By visiting `http://127.0.0.1:54223/inference?data=hello` in your browser, you will be able to see the return string:

```
1| "Processed hello by FastAPI!"
```

Note that if you are running on remote server, you may need to forward your port to local machine to see the effect on your browser.

Now, it is your turn to implement a script to serve an API that runs a `GPT-2`.
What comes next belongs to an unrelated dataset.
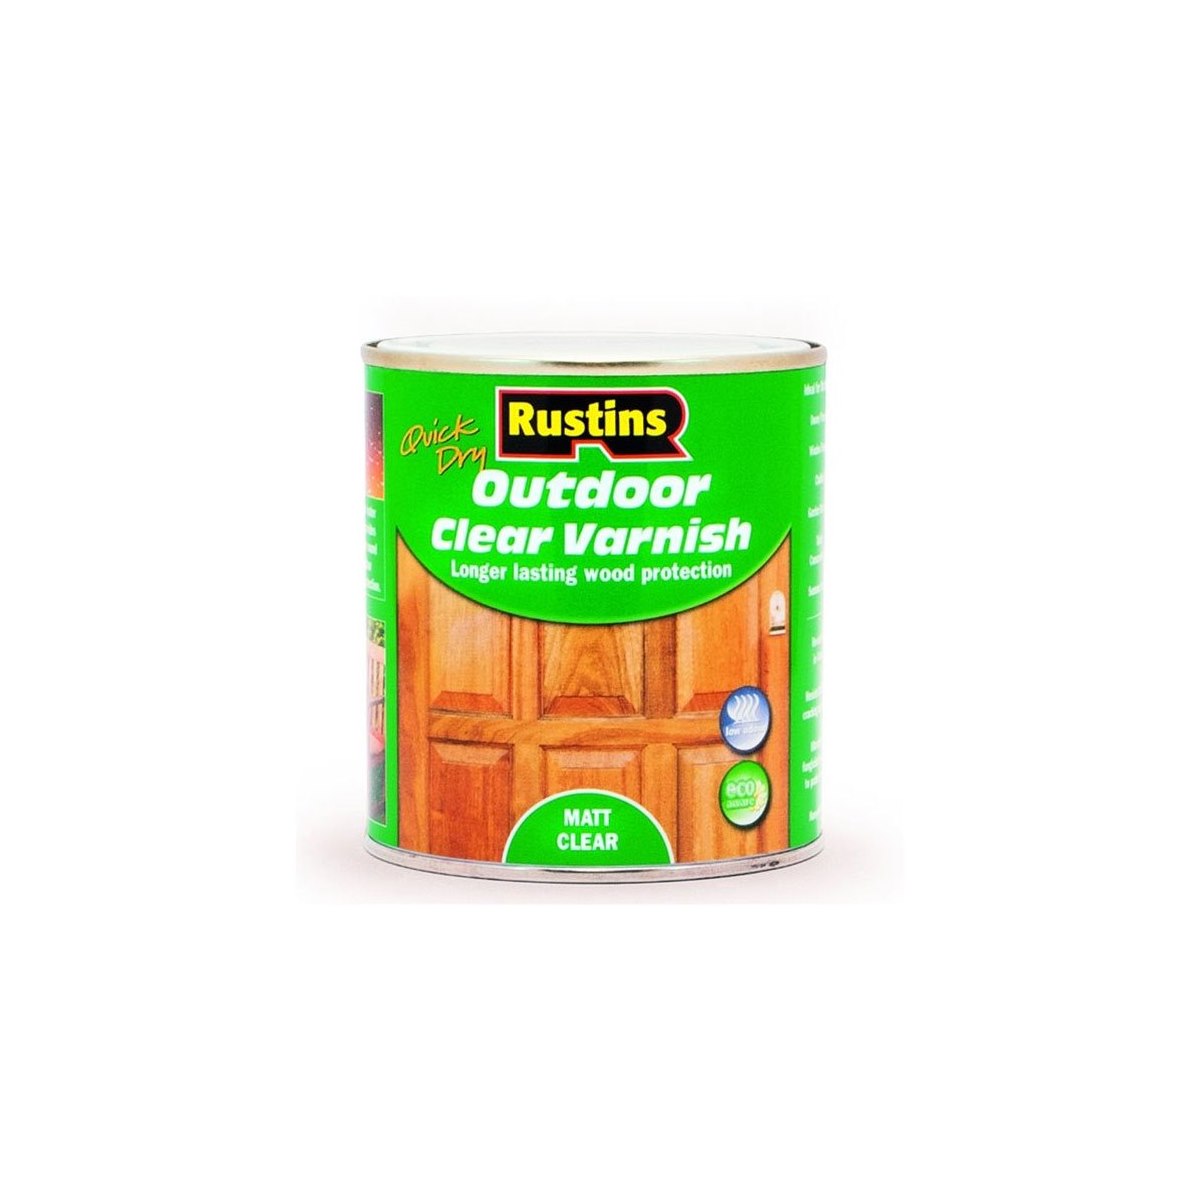 Rustins Quick Dry Outdoor Clear Varnish Matt 500ml

## Experiment 2: Serving a User Interface using `gradio`

Demo a machine learning application is important. It gives the users a direct experience of your algorithm in an interactive manner. Here we'll be building an interesting demo using `gradio`, a popular Python library for ML demos. Let's install this library.

In [None]:
%pip install gradio

Then we are able to write an example UI that takes in a text string and output a processed string.

In [6]:
%%file /tmp/gradio_example.py

import gradio as gr

def greet(name):
    return "Hello " + name + "!"

demo = gr.Interface(fn=greet, inputs="text", outputs="text")
    
if __name__ == "__main__":
    demo.launch(show_api=False)   

Writing /tmp/gradio_example.py


In [7]:
!python /tmp/gradio_example.py

Running on local URL:  http://127.0.0.1:7860

To create a public link, set `share=True` in `launch()`.
^C
Keyboard interruption in main thread... closing server.


Now you should be able to see a simple website that consumes your input text. Next, you should implement a script that interact with the GPT-2 API you just created.

![Illustration of request](./assets/request.jpg)

## Experiment 3: Serving a Custom Model

In this experiment, you are required to serve other models on HuggingFace, e.g. VLMs. You should design your own UI and your own API service.